[Data]

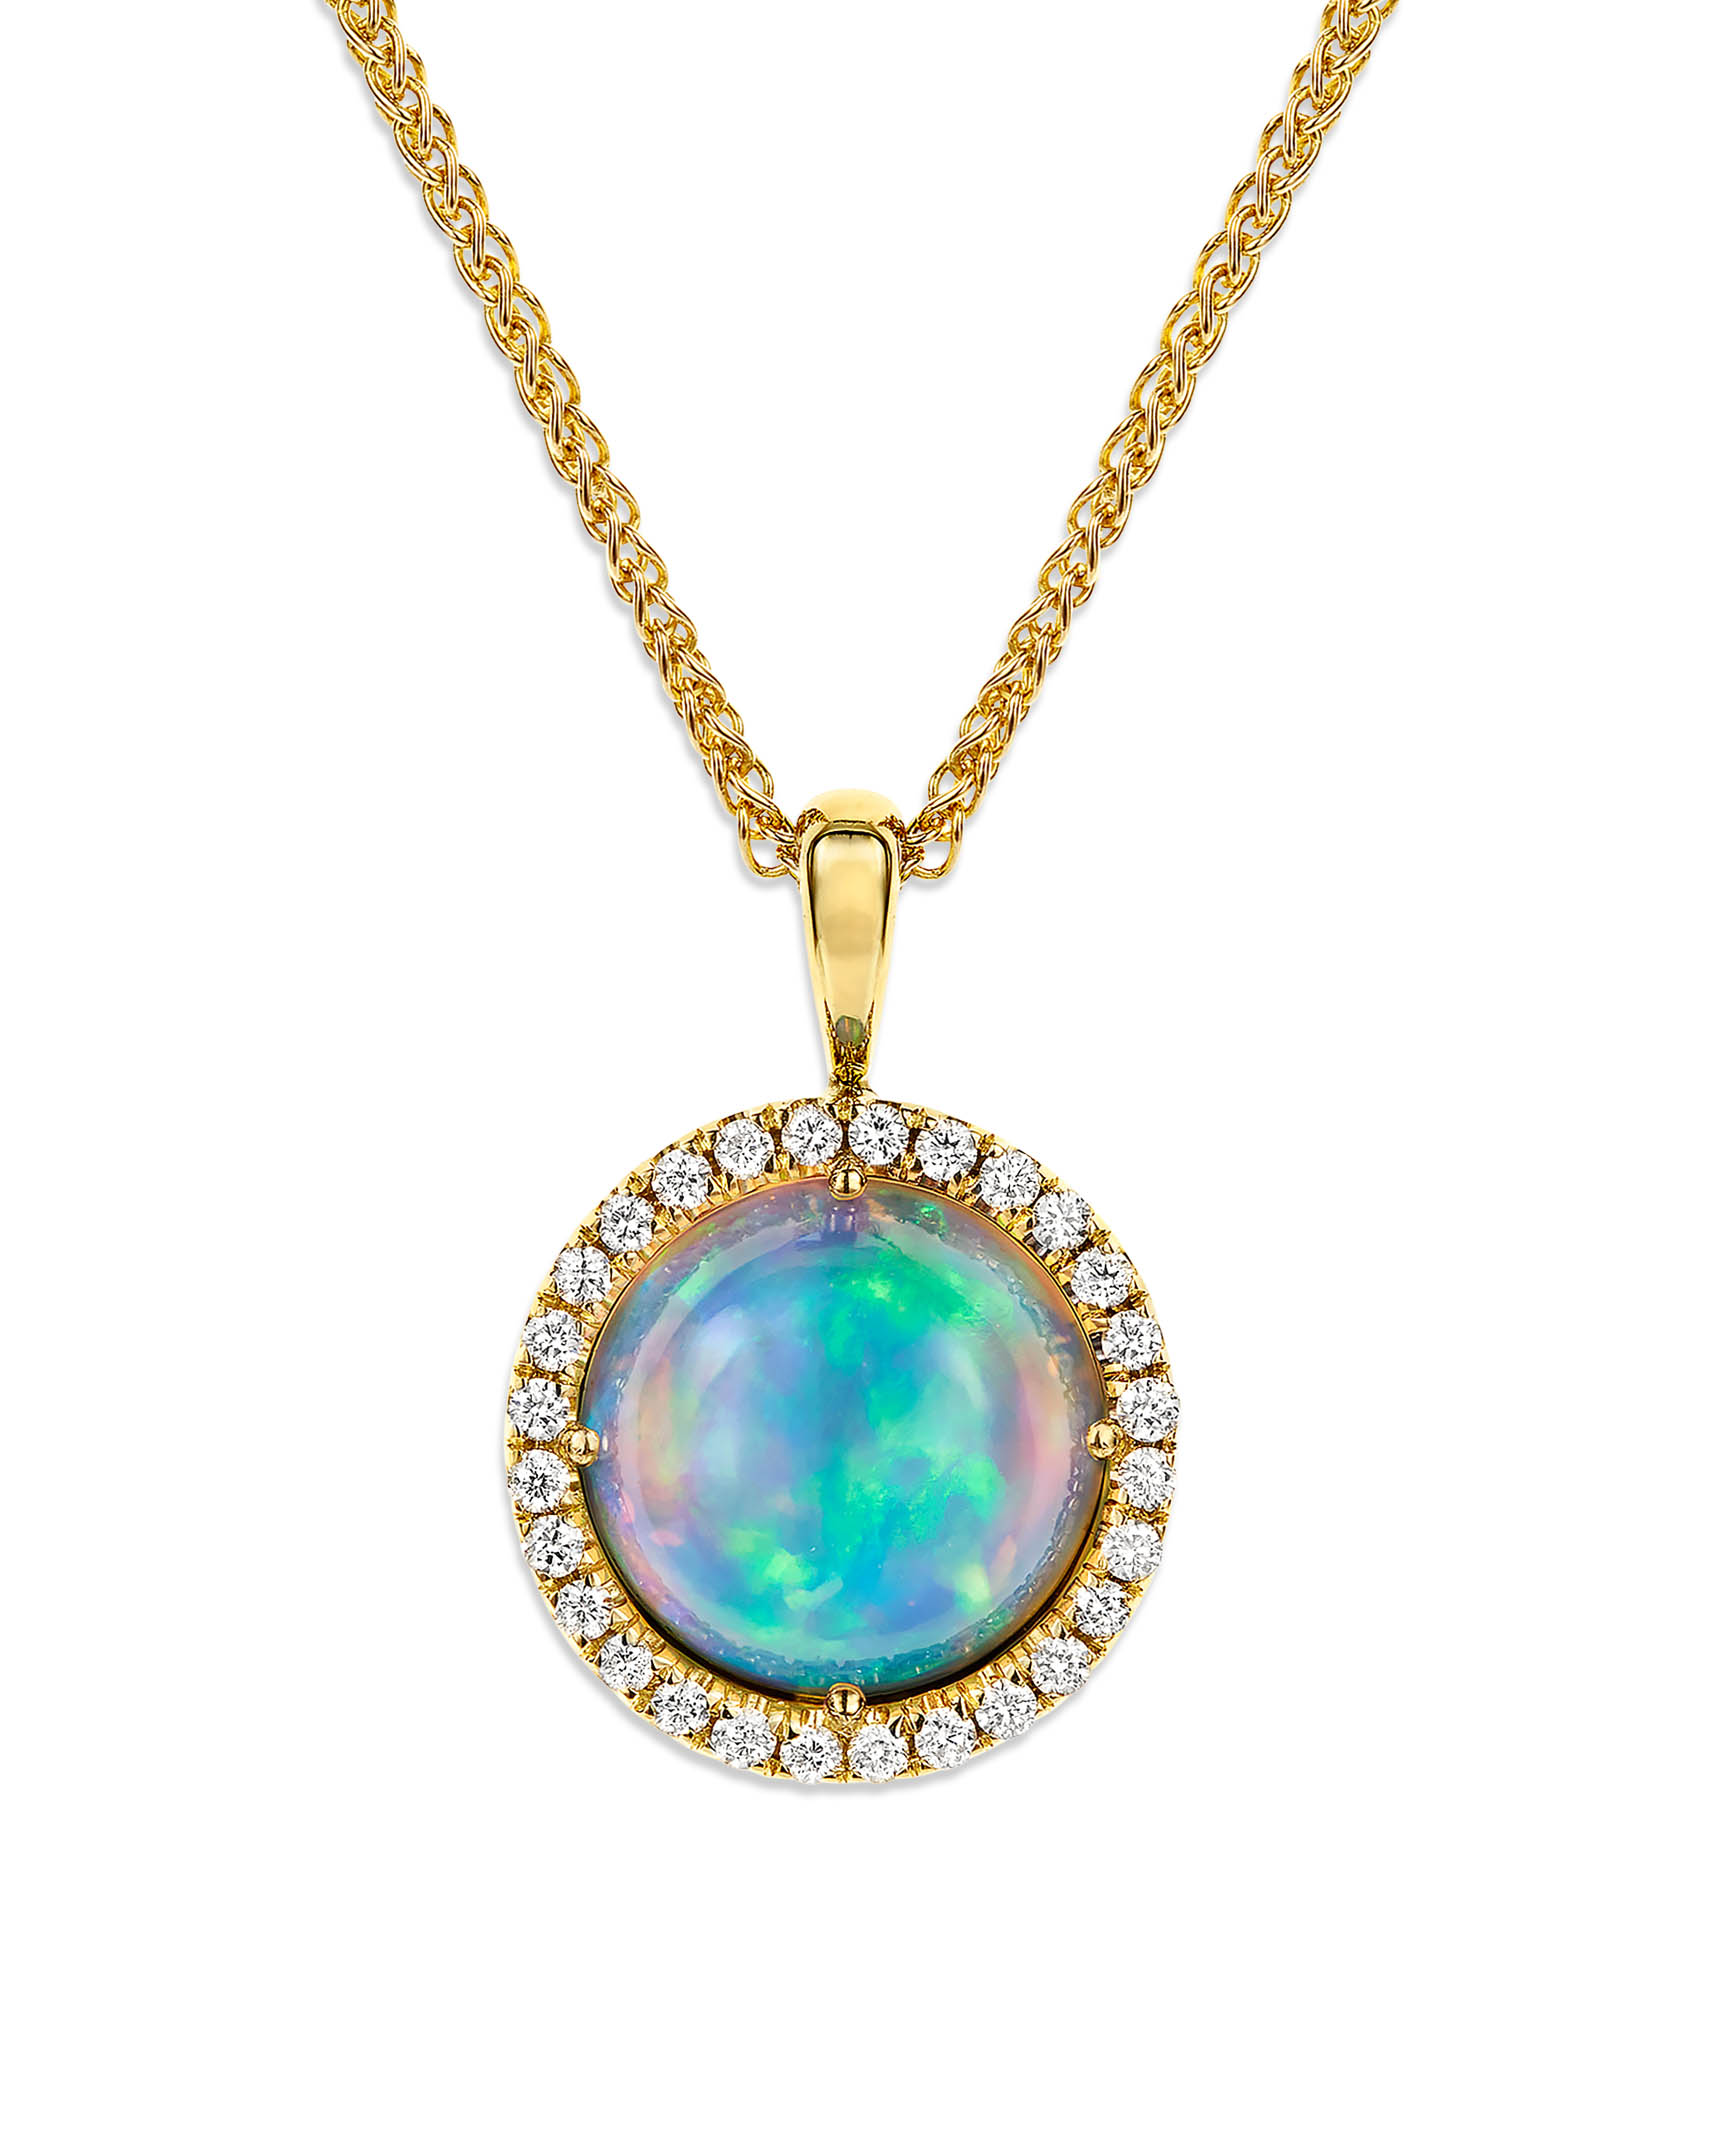 14k Yellow Gold Faceted Pear Shape Ethiopian Opal Pendant - Dianna Rae  Jewelry
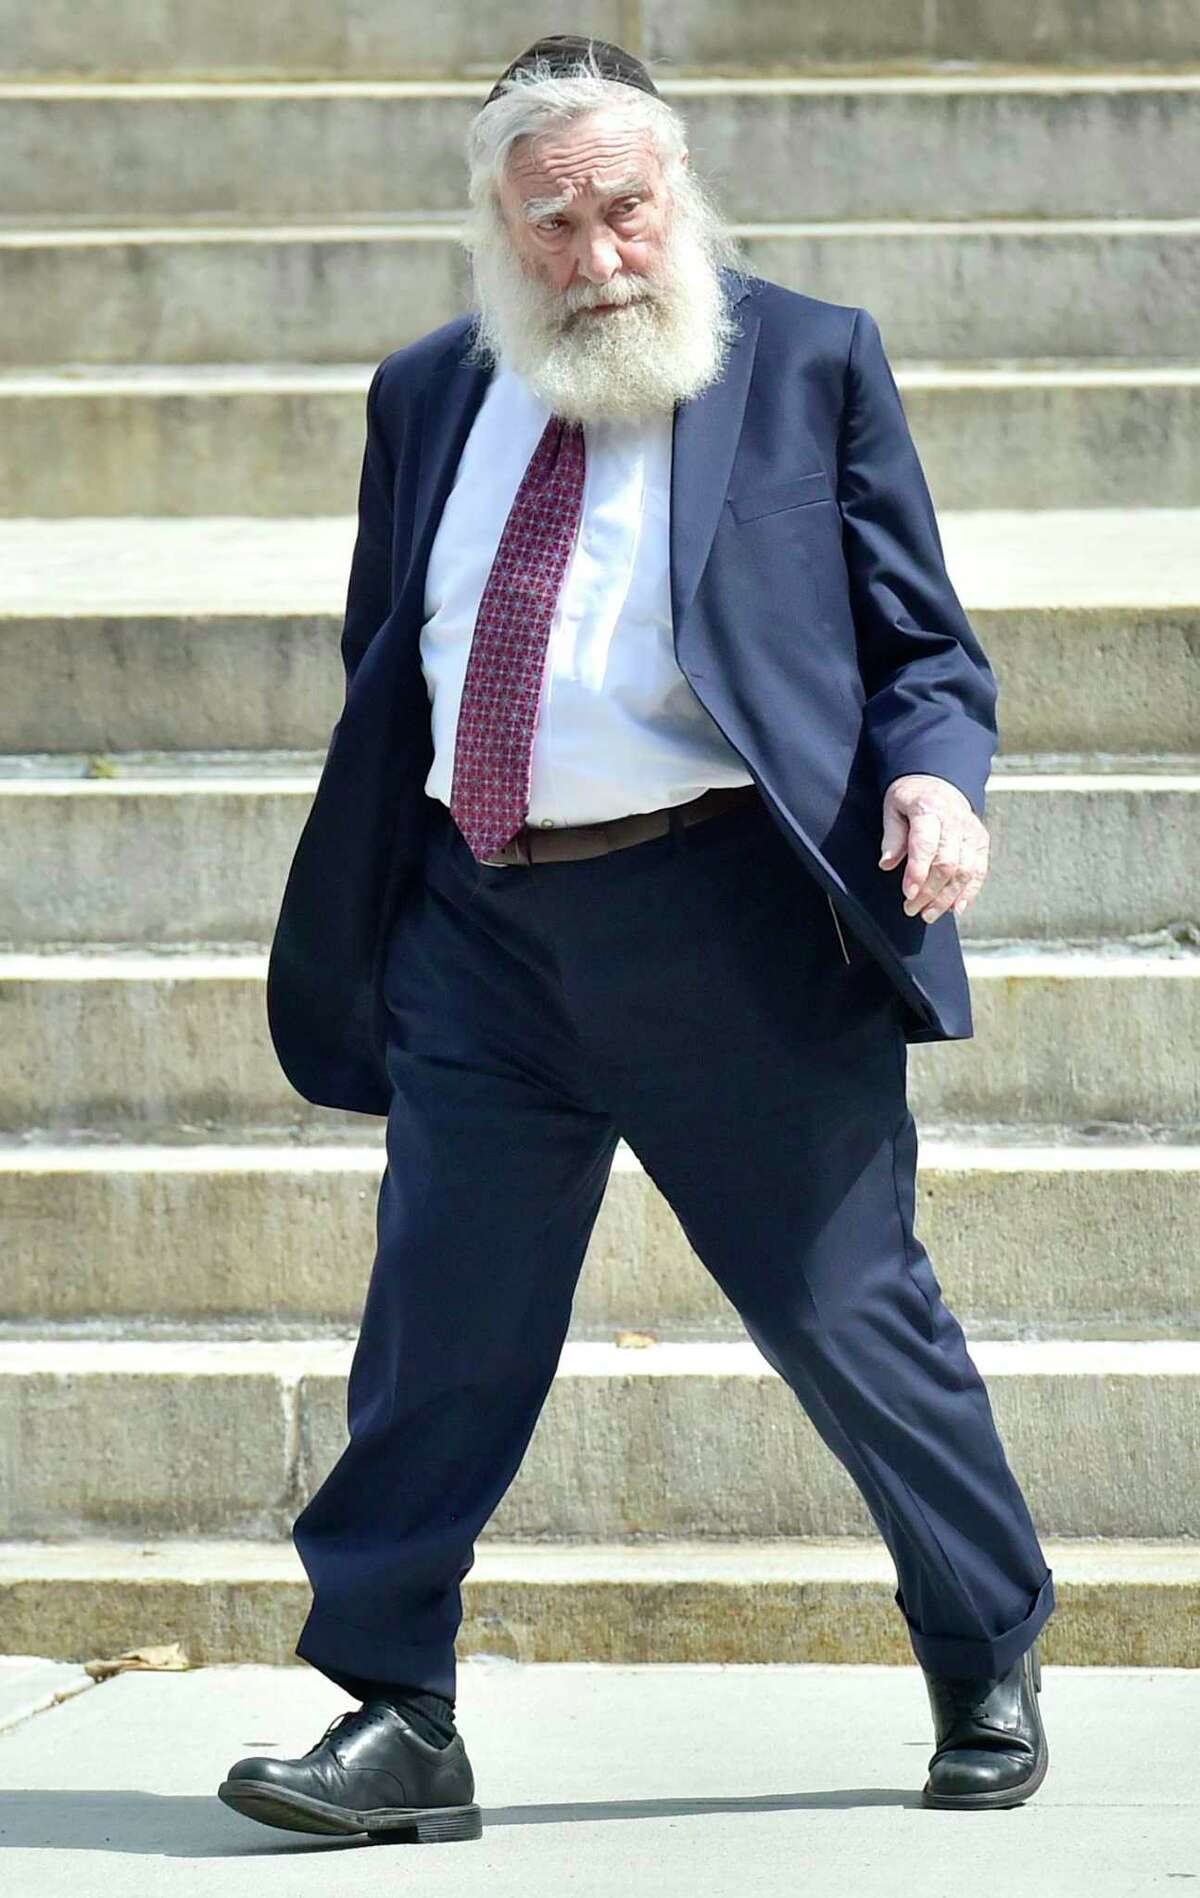 Rabbi Daniel Greer, 77, of New Haven, leaves New Haven Superior Court on Elm Street in New Haven, Conn. Monday, August 14, 2017 after he was arraigned on a criminal charge of second-degree sexual assault and risk of injury to a minor. Greer did not enter a plea. The alleged victim in the criminal charge is Eliyahu Mirlis, of New Jersey, who was awarded $15 million in in his civil lawsuit against Greer in May of 2016. Greer was a dean of the Yeshiva of New Haven/the Gan School, where the alleged victim was a high school student. Greer was accused in May 2016 of repeatedly sexually assaulting Mirlis, of New Jersey, over several years in the early- to mid-2000s. Mirlis attended the school from 2001 to 2005. Greer has denied the allegations.
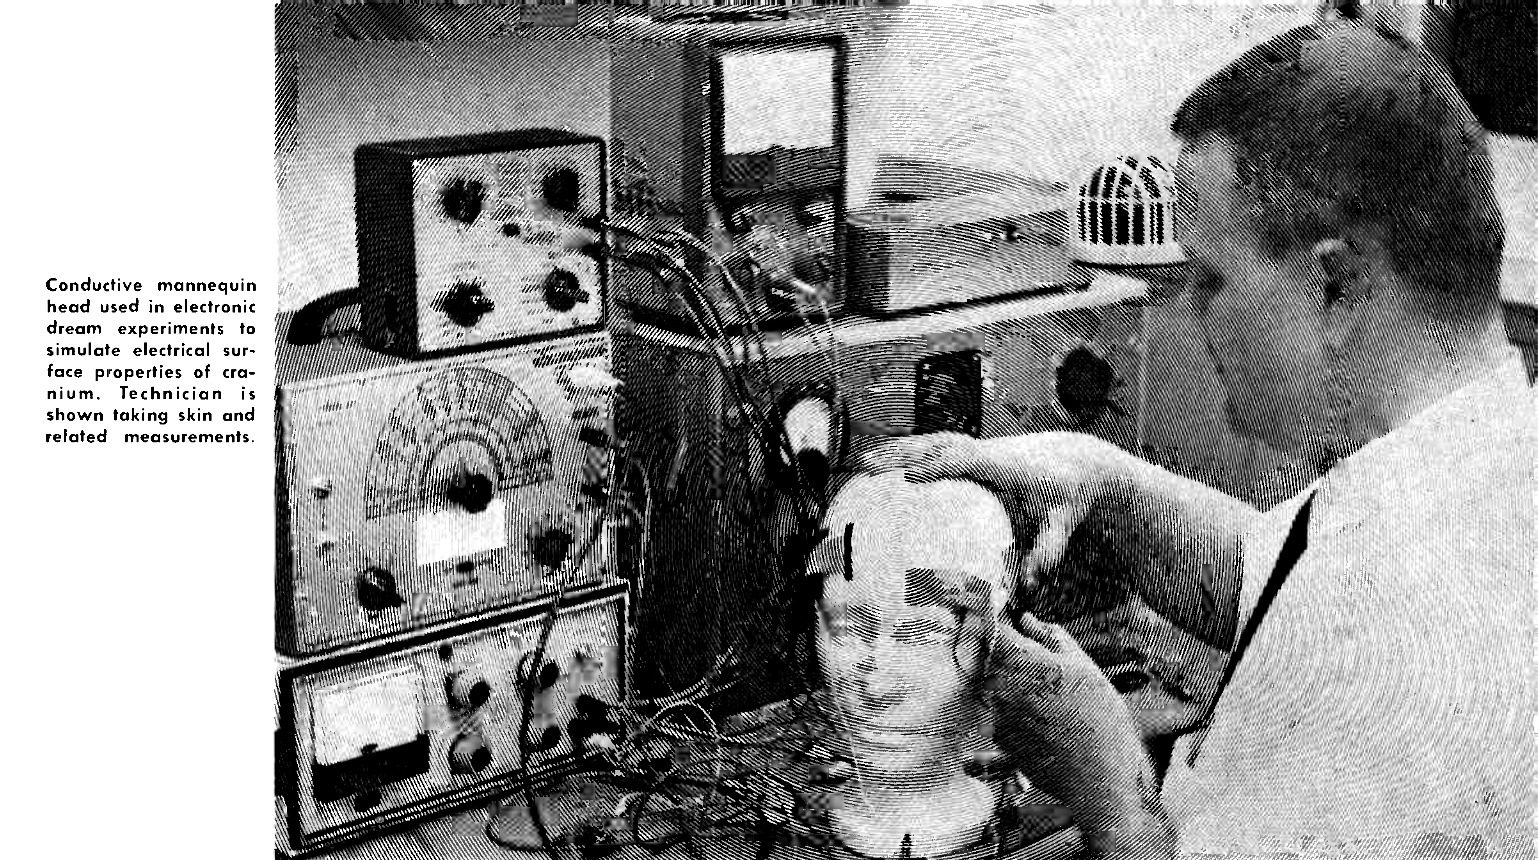 Conductive mannequin head used in electronic dream experiments to stimulate electrical surface properties of cranium. Technician is shown taking skin and related measurements.

[The task] Return, exactly as they stand, all of the lines above, but not the pictures.

[Written solution]
 14k Yellow Gold Faceted Pear Shape Ethiopian Opal Pendant - Dianna Rae  Jewelry
 Rabbi Daniel Greer, 77, of New Haven, leaves New Haven Superior Court on Elm Street in New Haven, Conn. Monday, August 14, 2017 after he was arraigned on a criminal charge of second-degree sexual assault and risk of injury to a minor. Greer did not enter a plea. The alleged victim in the criminal charge is Eliyahu Mirlis, of New Jersey, who was awarded $15 million in in his civil lawsuit against Greer in May of 2016. Greer was a dean of the Yeshiva of New Haven/the Gan School, where the alleged victim was a high school student. Greer was accused in May 2016 of repeatedly sexually assaulting Mirlis, of New Jersey, over several years in the early- to mid-2000s. Mirlis attended the school from 2001 to 2005. Greer has denied the allegations.
 Conductive mannequin head used in electronic dream experiments to stimulate electrical surface properties of cranium. Technician is shown taking skin and related measurements.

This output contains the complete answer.